What are the lines from the one containing "Caratteristiche" through the last line of the records below? Return them exactly, leaving out pictures.

[Items listed in a dataset]
★ ★ ★ ★

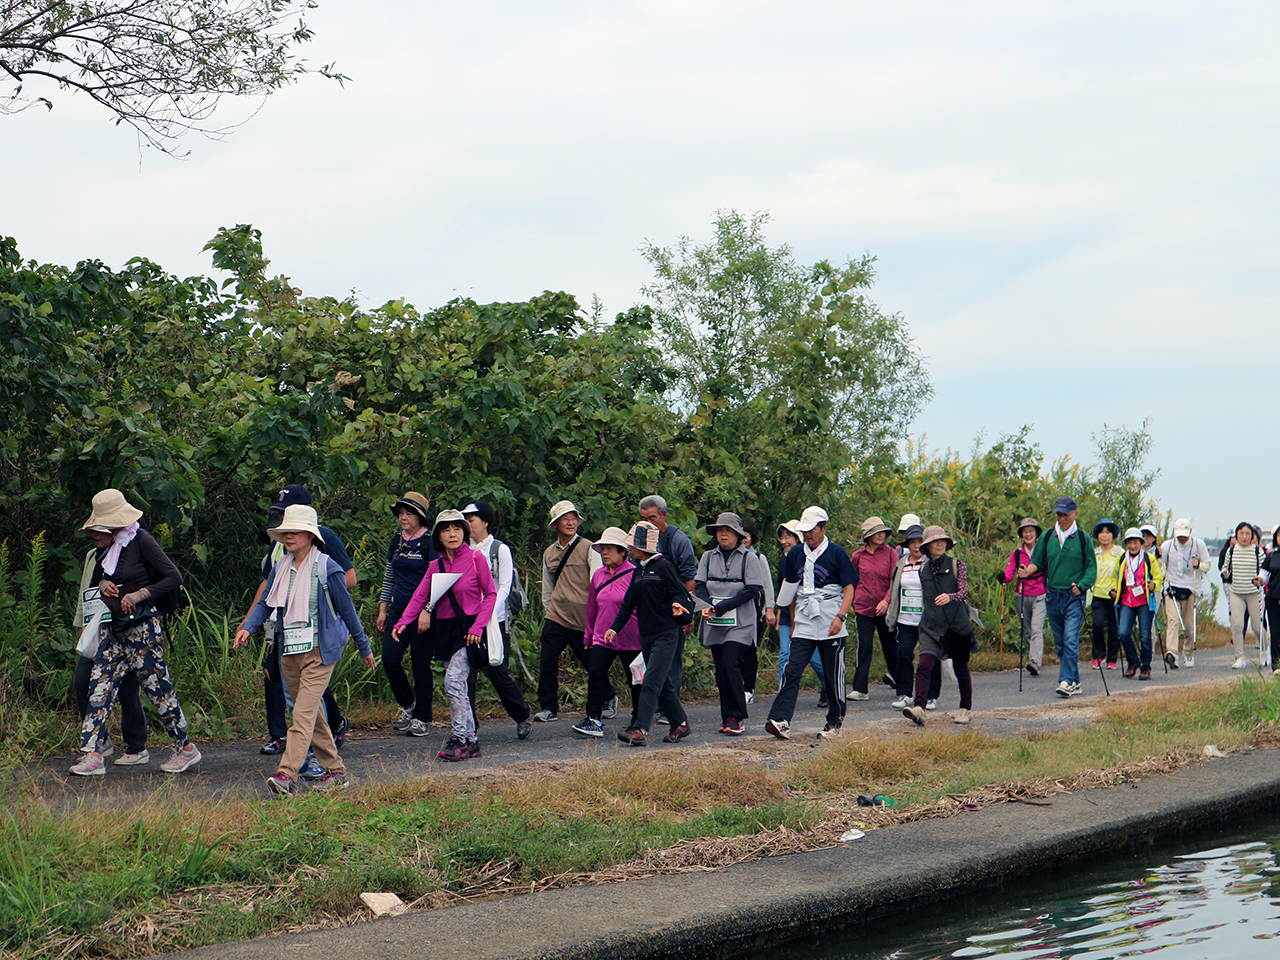 ‘월드 워크 페스타 in 돗토리’ 참가자들이 워크 코스를 걷고 있다. 
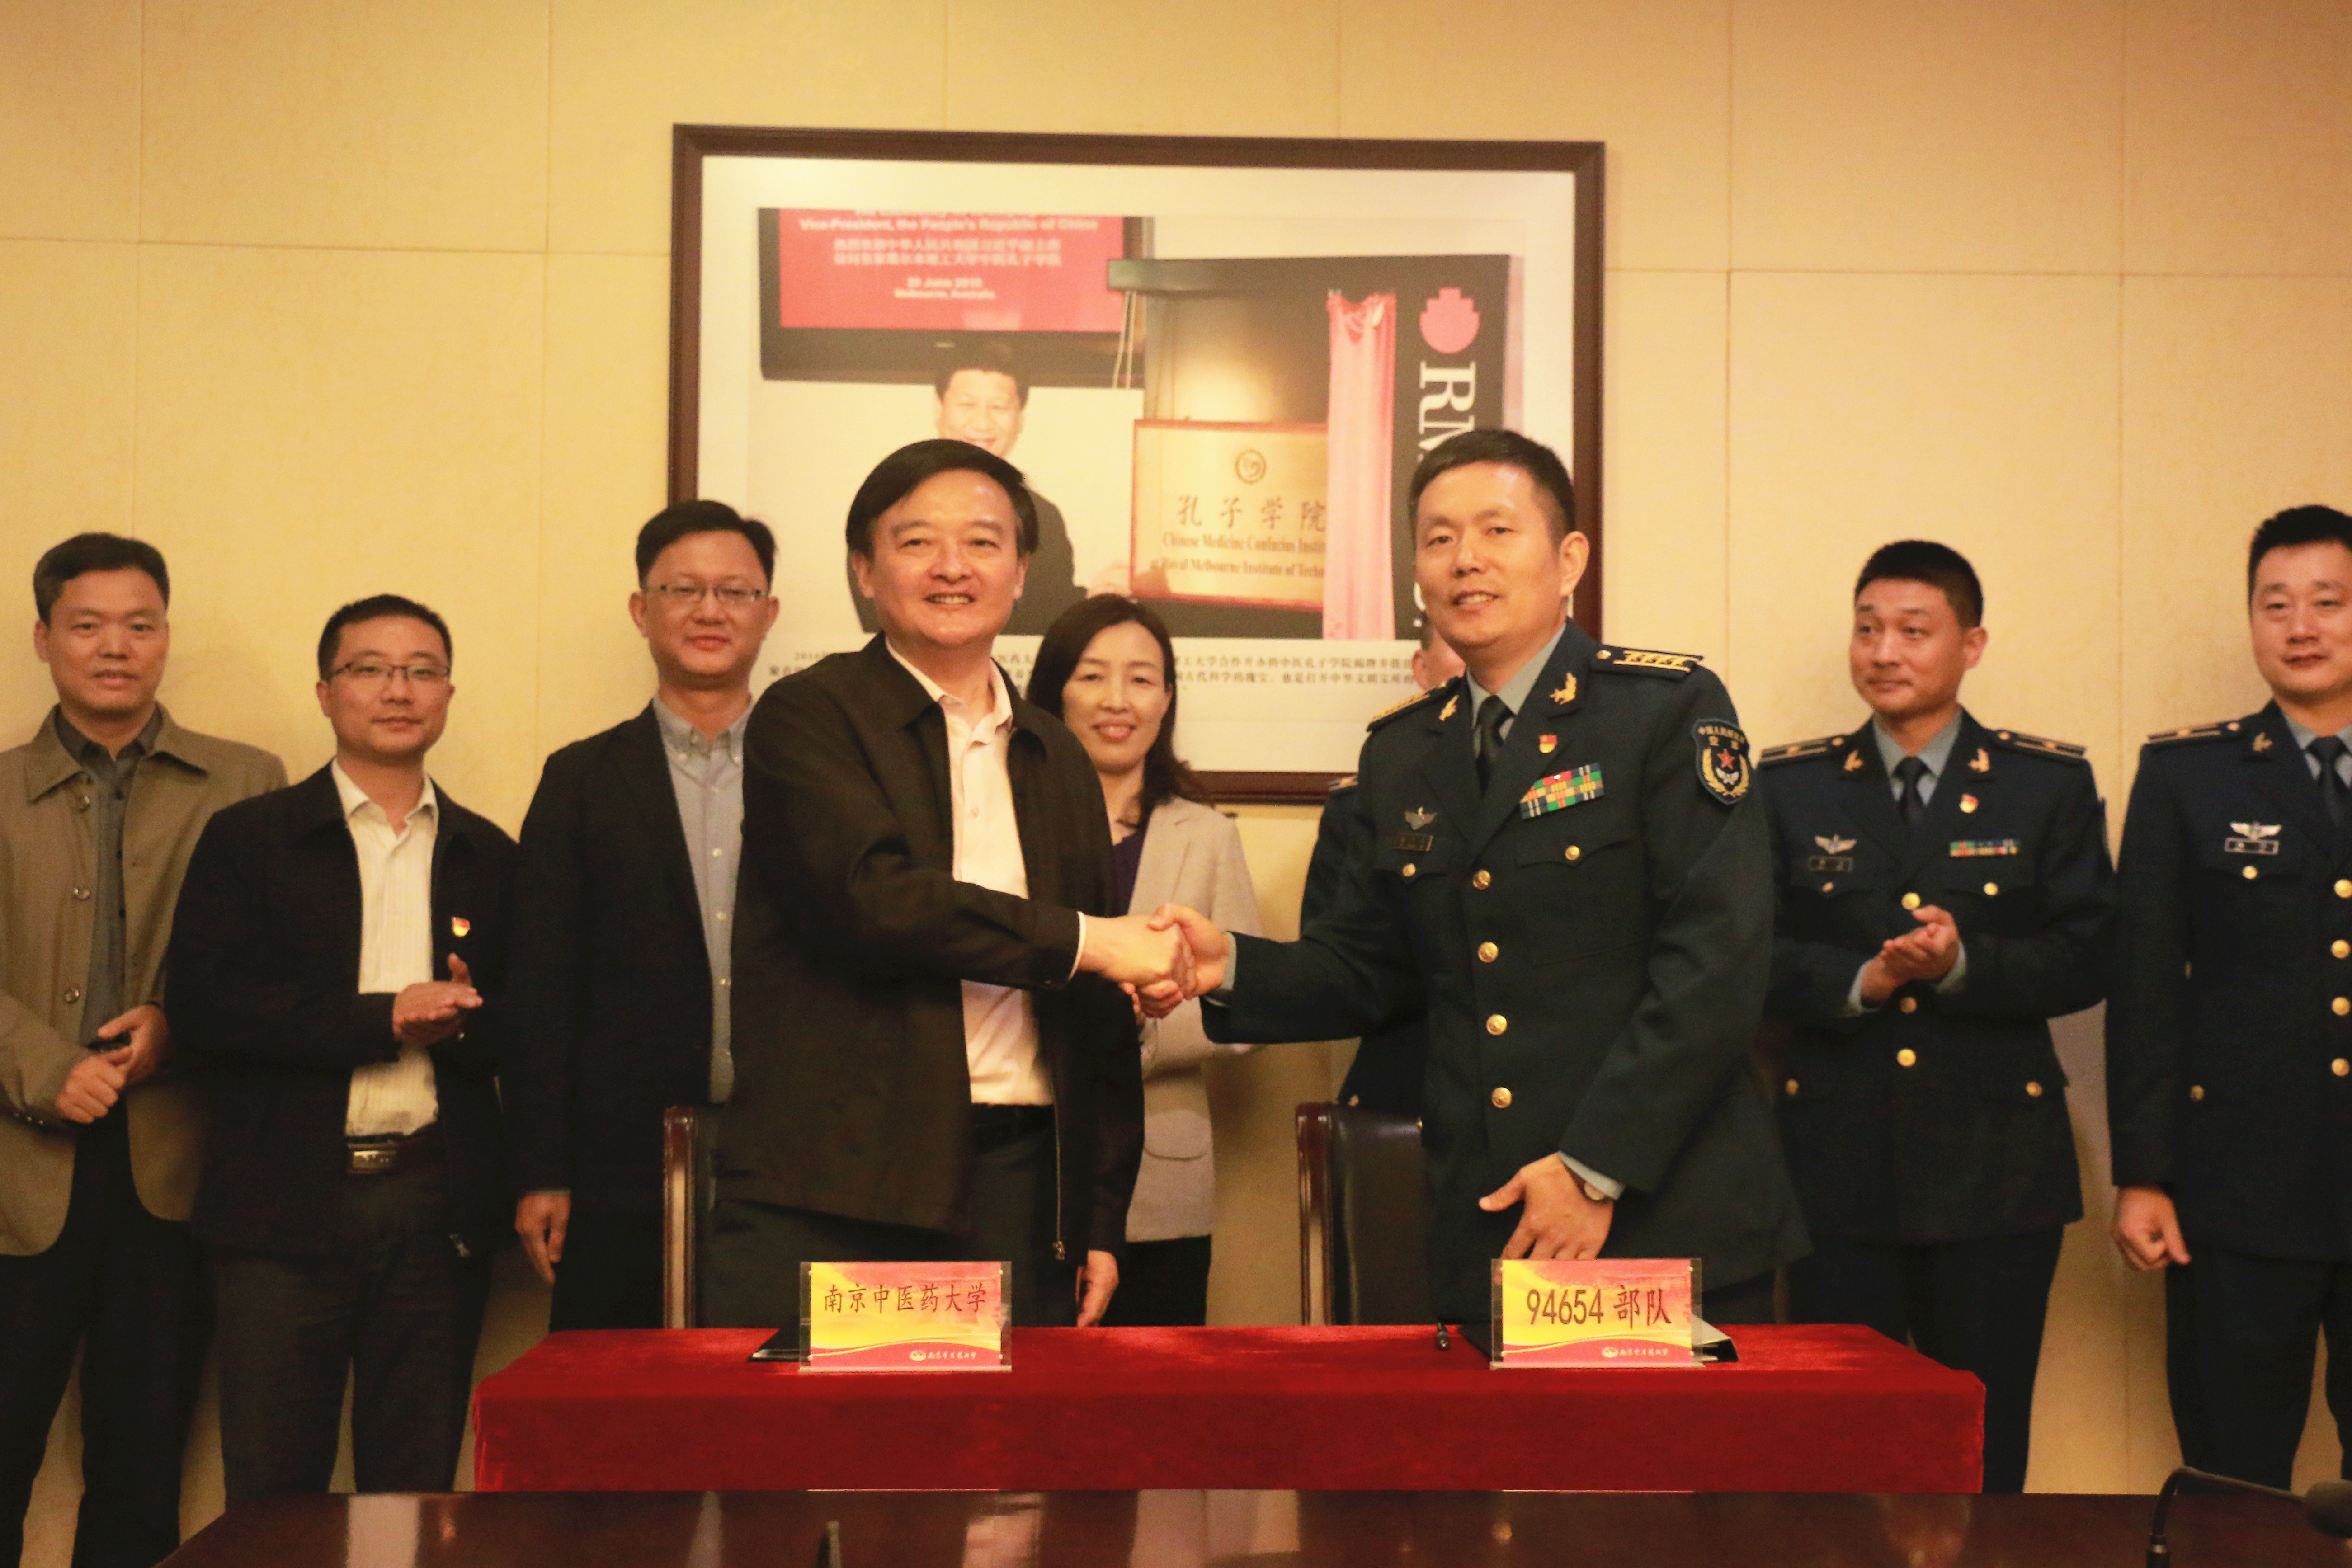 我校与中国人民解放军94654部队举行合作共建签约仪式
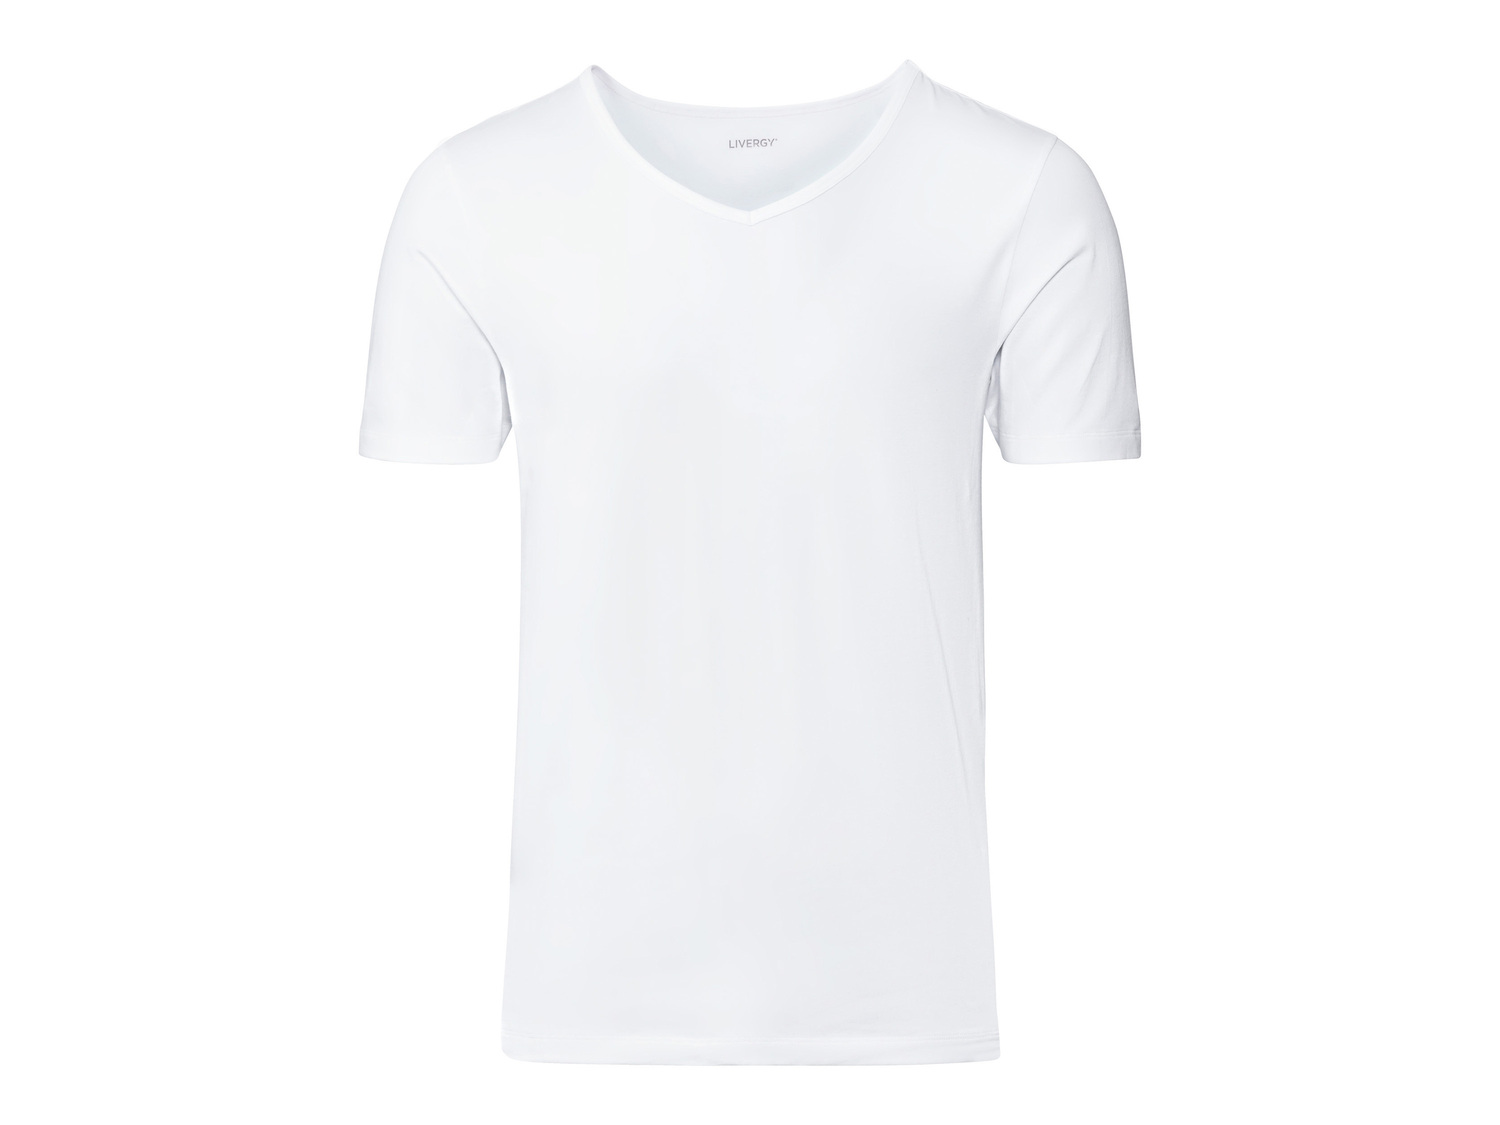 T-shirt intima da uomo Livergy, prezzo 4.99 &#8364; 
Misure: M-XL
Taglie disponibili

Caratteristiche

- ...
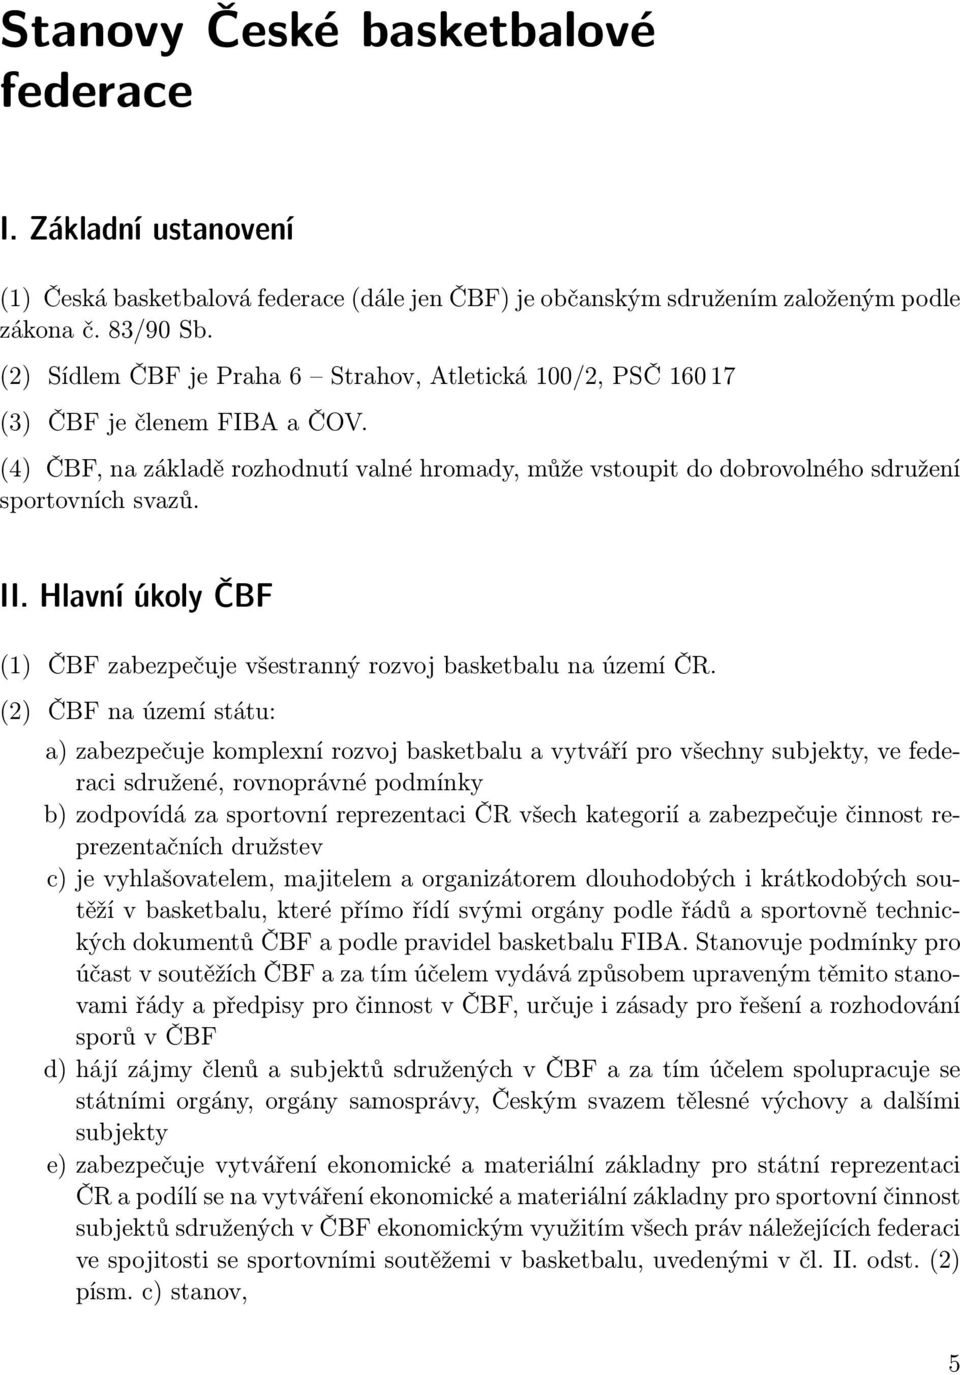 Hlavní úkoly ČBF (1) ČBF zabezpečuje všestranný rozvoj basketbalu na území ČR.

★ ★ ★ ★

→ Finished task
Caratteristiche

- ...
 Hlavní úkoly ČBF (1) ČBF zabezpečuje všestranný rozvoj basketbalu na území ČR.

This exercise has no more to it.